Charity helps tackle human trafficking as part of UK Space Agency project

Hope for Justice is excited to be working alongside governments and academics as part of a pioneering UK Space Agency project to improve the response to human trafficking.

The project, known as Anti-trafficking using Satellite Technology for Uganda’s Sustainability (ASTUS ), led by the University of Nottingham, will utilise Earth Observation technology from satellites to support anti-trafficking efforts in Uganda.
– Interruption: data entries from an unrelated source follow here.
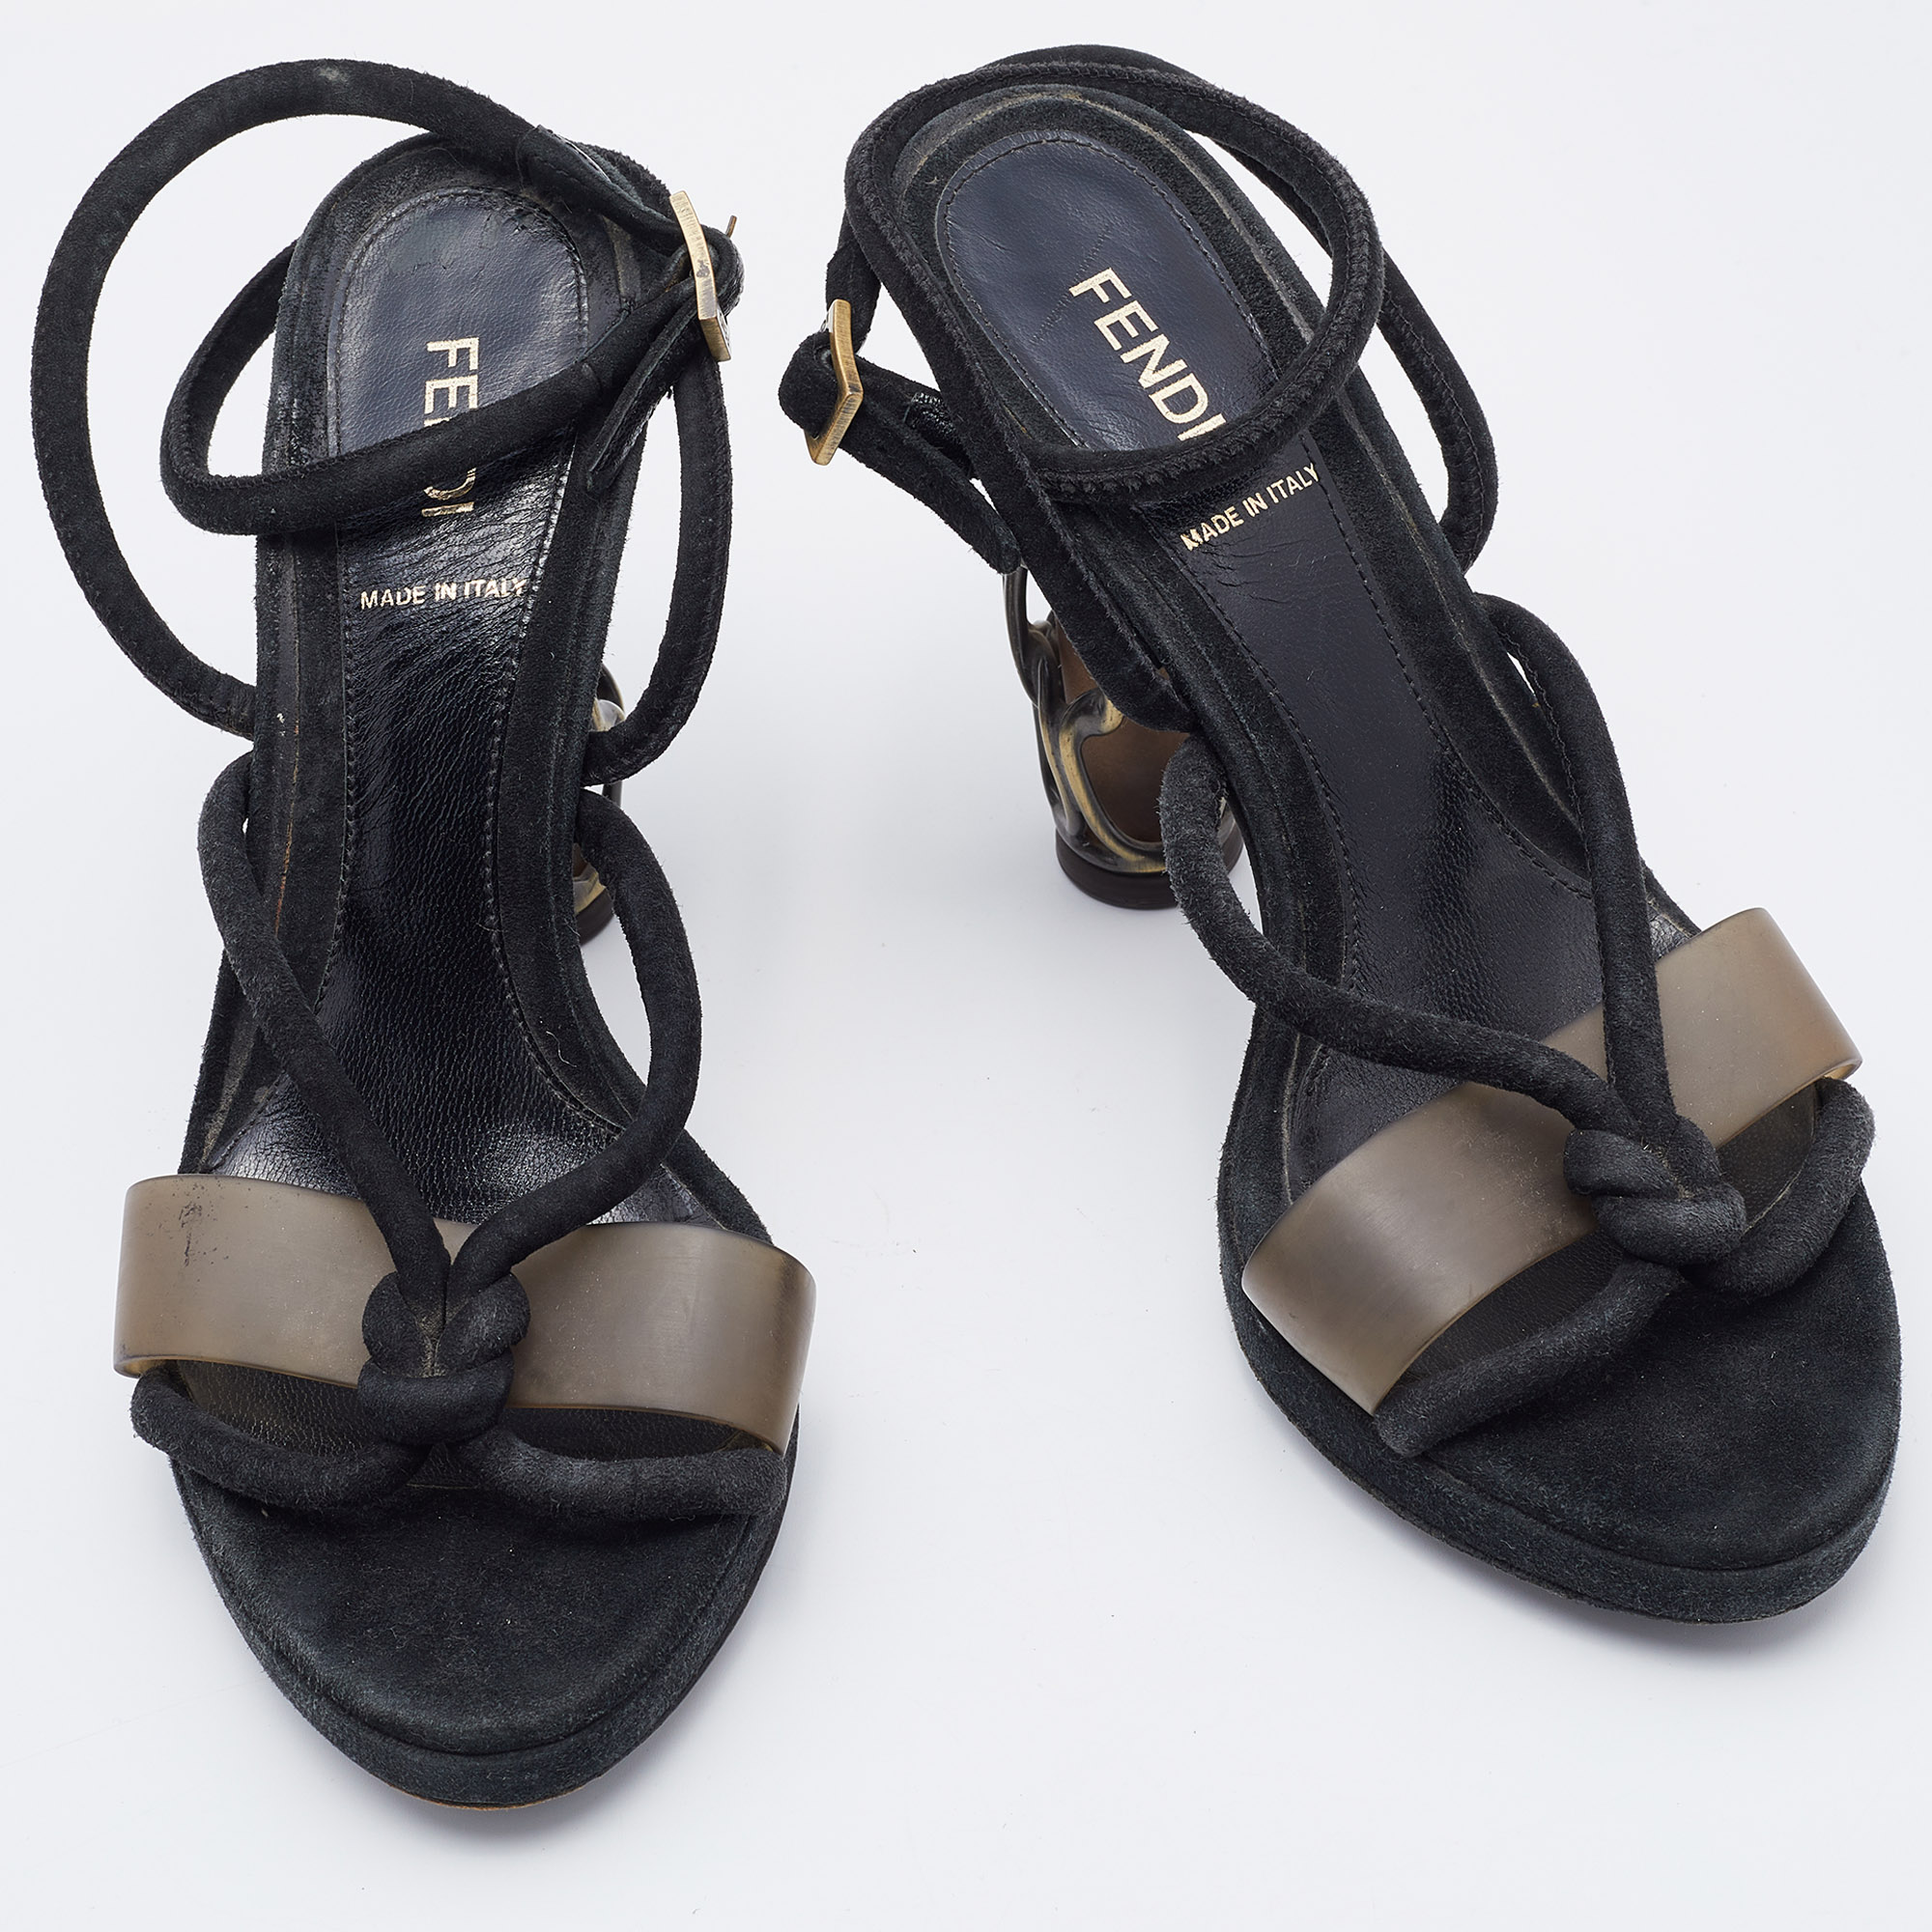 Fendi Black Suede Metal Caged Heel Ankle Strap Platform Sandals Size 37
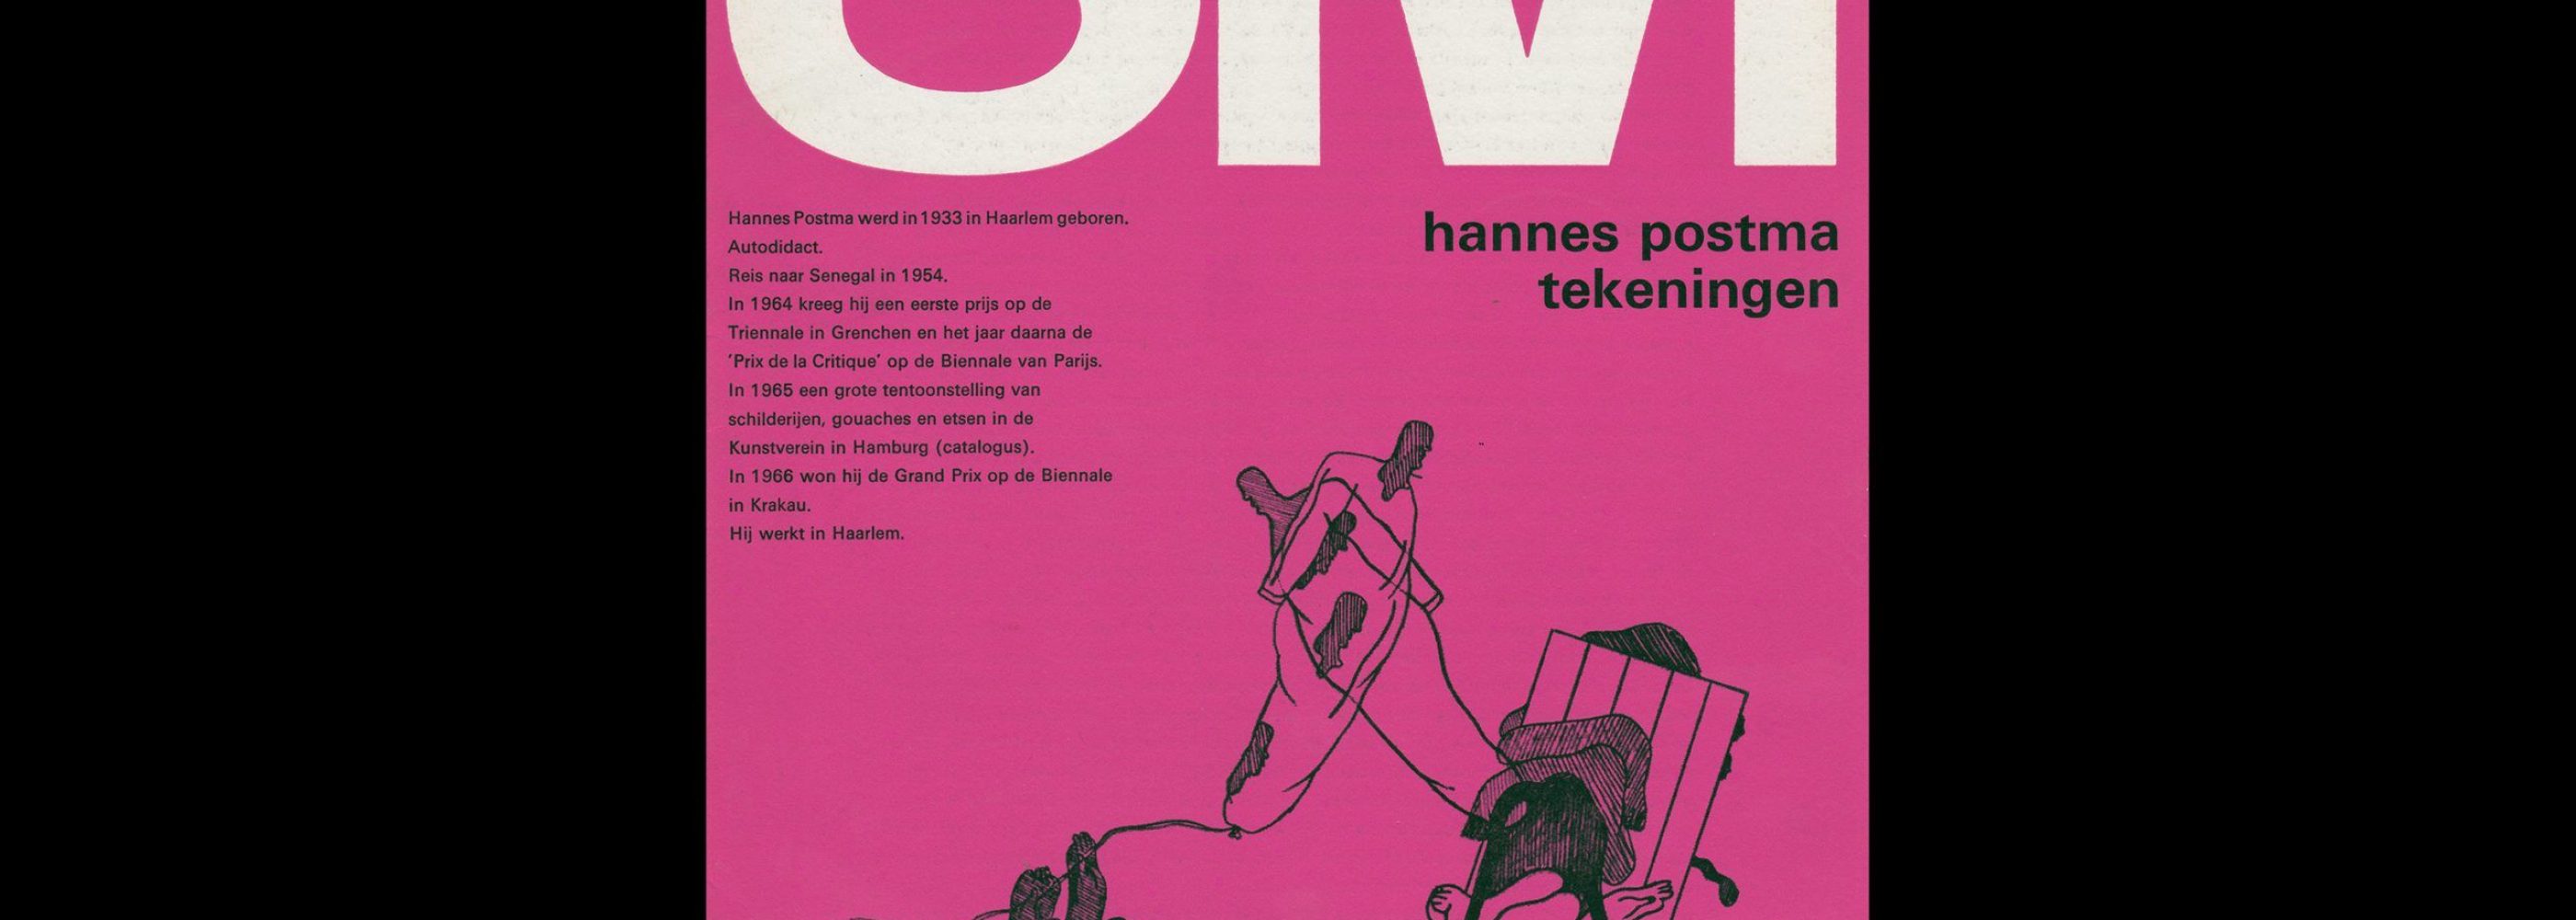 Hannes Postmas Tekeningen, Stedelijk Museum, Amsterdam, 1967 designed by Wim Crouwel
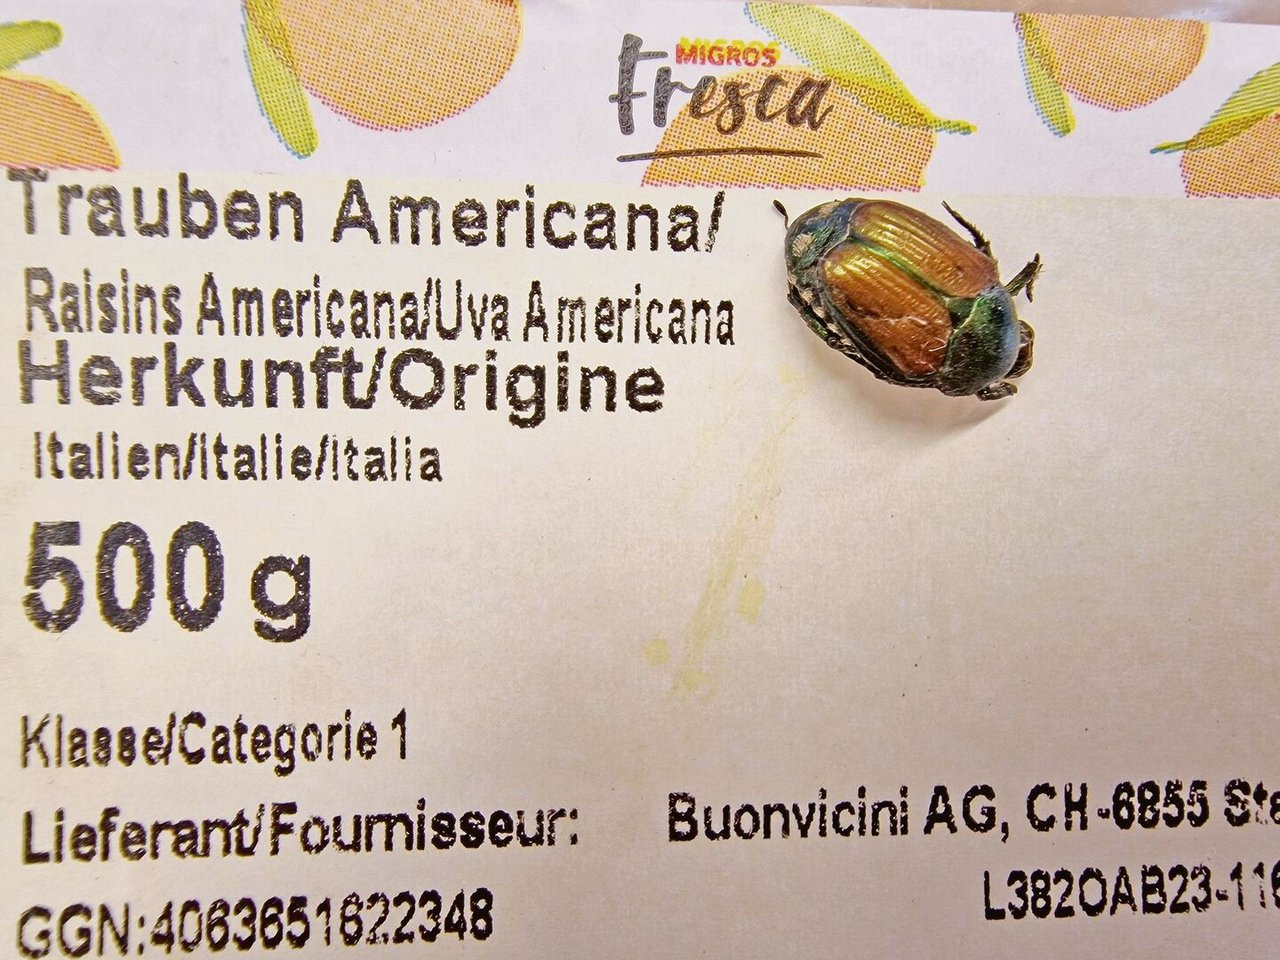 Gemäss BLW kommt es öfters vor, dass Japankäfer in Früchten aus Italien durch die Alpen mitreisen. 
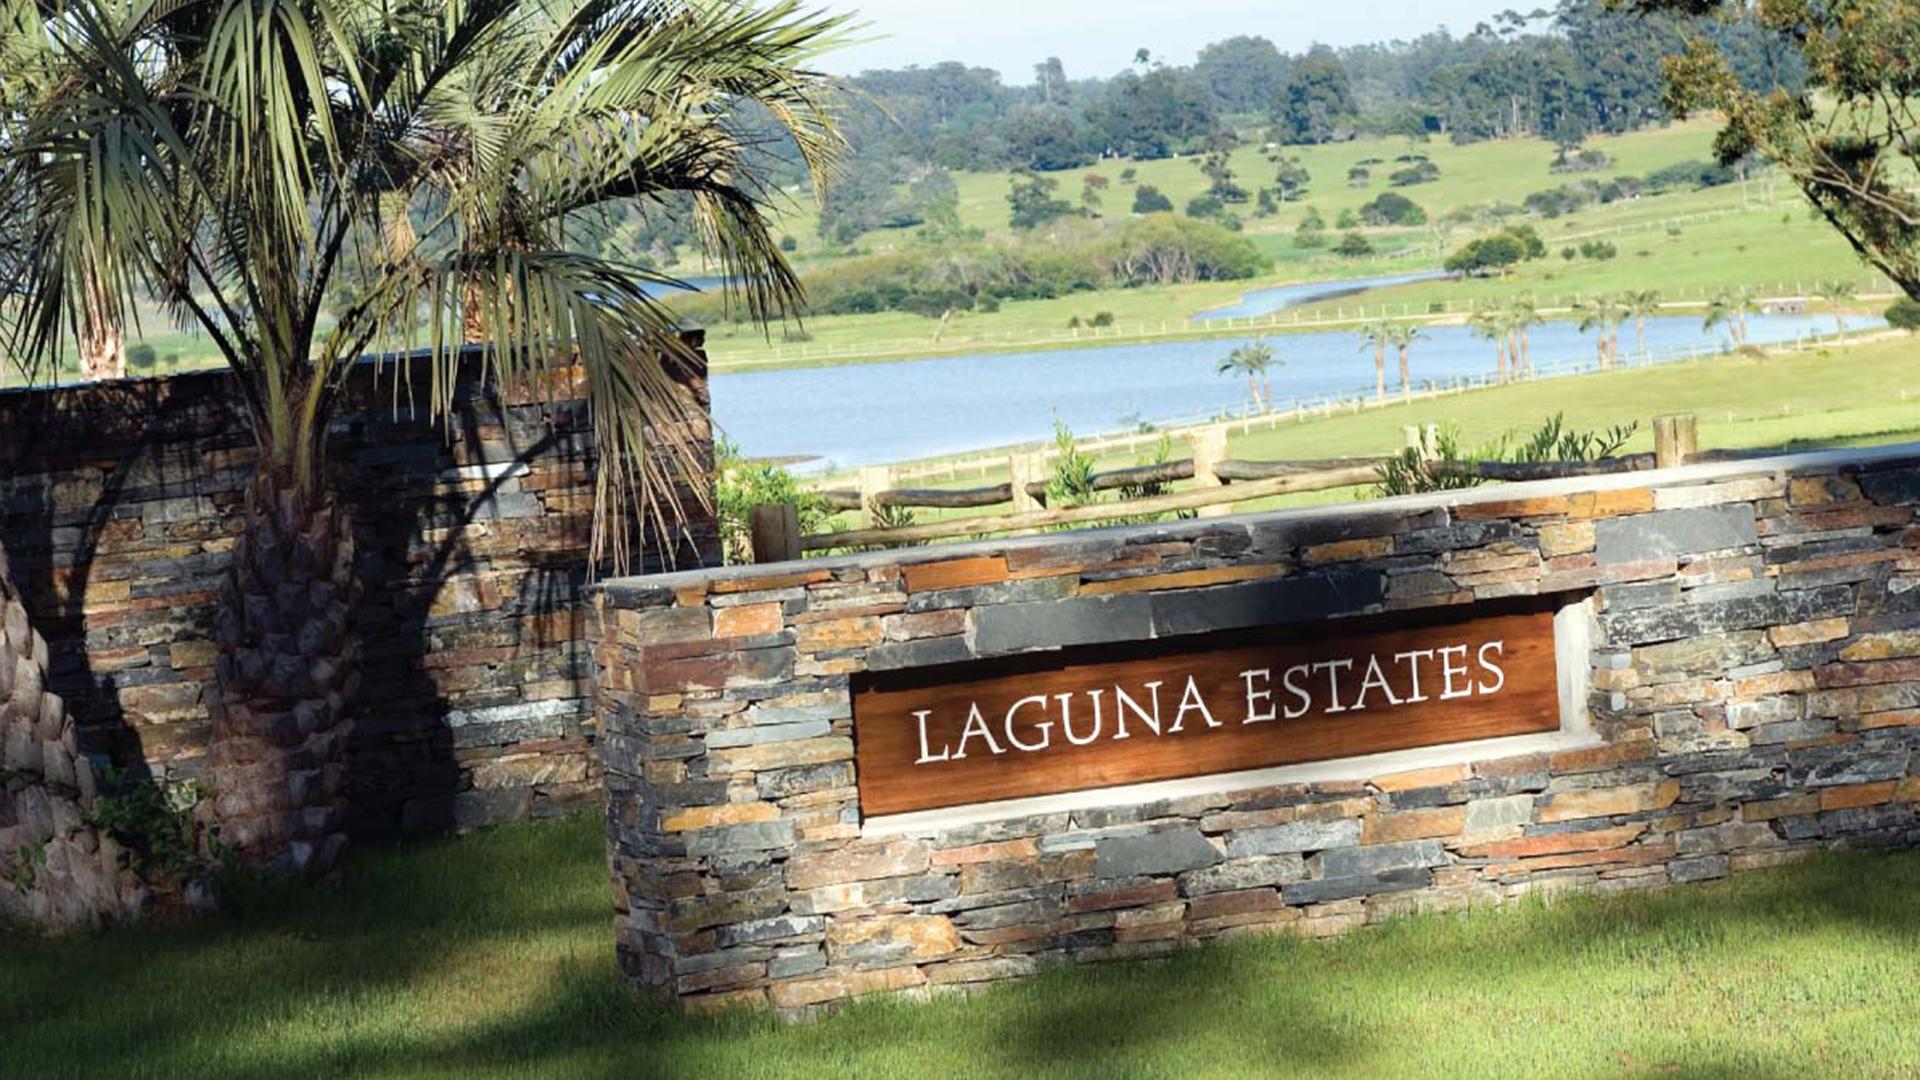 Laguna Estates - Plots For Sale located in Manantiales, Punta del Este, Uruguay, listed by Curiocity Villas.

This is a source and destination country for men, women and children trafficked for the purposes of forced labour and sexual exploitation.

Hope for Justice will engage with key stakeholders including senior government ministers in the UK and Uganda and deliver workshops, sharing knowledge about trafficking routes so that a satellite tracking system can be developed.

This is one of 10 space projects that the UK Space Agency announced as part of a £3.4million investment from its International Partnership Programme to tackle development problems worldwide.

Neil Wain, Hope for Justice’s International Programme Director, said: “We are thrilled that Hope for Justice is part of the ASTUS project, funded by the UK Space Agency to tackle human trafficking in Uganda.

“The project aims to use space technology to track the prevalence of this crime, to map vulnerability hotspots and to estimate the numbers of men, women and children being trafficked.

“ASTUS will enhance the substantial gains already made by the Ugandan government in its commitment to meeting the United Nations’ Sustainable Developmnent Goal of ending slavery by 2030.”

Hope for Justice teams in both the UK and on the ground in Uganda will be working closely with colleagues from The Rights Lab at the University of Nottingham, Makerere University in Kampala, Uganda, the University of Dundee, Airbus and IPE Triple Line to implement the eight-month project.

Professor of Earth Observation at University of Nottingham, Doreen Boyd, said: “Trafficking in persons (TIP) is a global issue that affects millions of people and thus requires ingenious approaches to address.

“The Rights Lab will be working with Hope for Justice, Makerere University, University of Dundee, Airbus and IPE Triple Line to develop a stakeholder-informed Modern Anti-trafficking Support System (MASS) underpinned with Earth Observation data.”

Professor Boyd continued: “We are very fortunate to be working with our partners in Uganda, a country that is keen go above and beyond in its commitment to tackling TIP. What we achieve in Uganda should have global replicability.”

A press release issued by the UK Space Agency states that this MASS will support anti-trafficking decision-making and response, and that the project’s activities are underpinned by “stakeholder buy-in and sustainability.”

Funding for the project comes from the International Partnership Programme (IPP), which aims to use the UK space sector’s expertise to deliver sustainable, economic or societal benefit to undeveloped nations and developing economies as well as building effective partnerships that can lead to growth opportunities for the UK space sector.

Athene Gadsby, International Partnership Programme Manager at the UK Space Agency, said: “The International Partnership Programme is committed to connecting UK satellite expertise with partners in developing countries to generate sustainable solutions for operational work or decision making.

“ASTUS is a superb example of this partnership, tackling such an important problem and delivering the decision-making power to those who can directly put it to use it in Uganda.”

Science Minister Amanda Solloway said: “From flooding to climate change, around the world people continue to be affected by crises that are having a profound impact on their countries’ economies and their lives.

“These 10 new projects have the potential to provide solutions to the world’s biggest development problems by using the latest and most high-tech space technologies such as satellites, and help improve millions of people’s lives in developing countries.”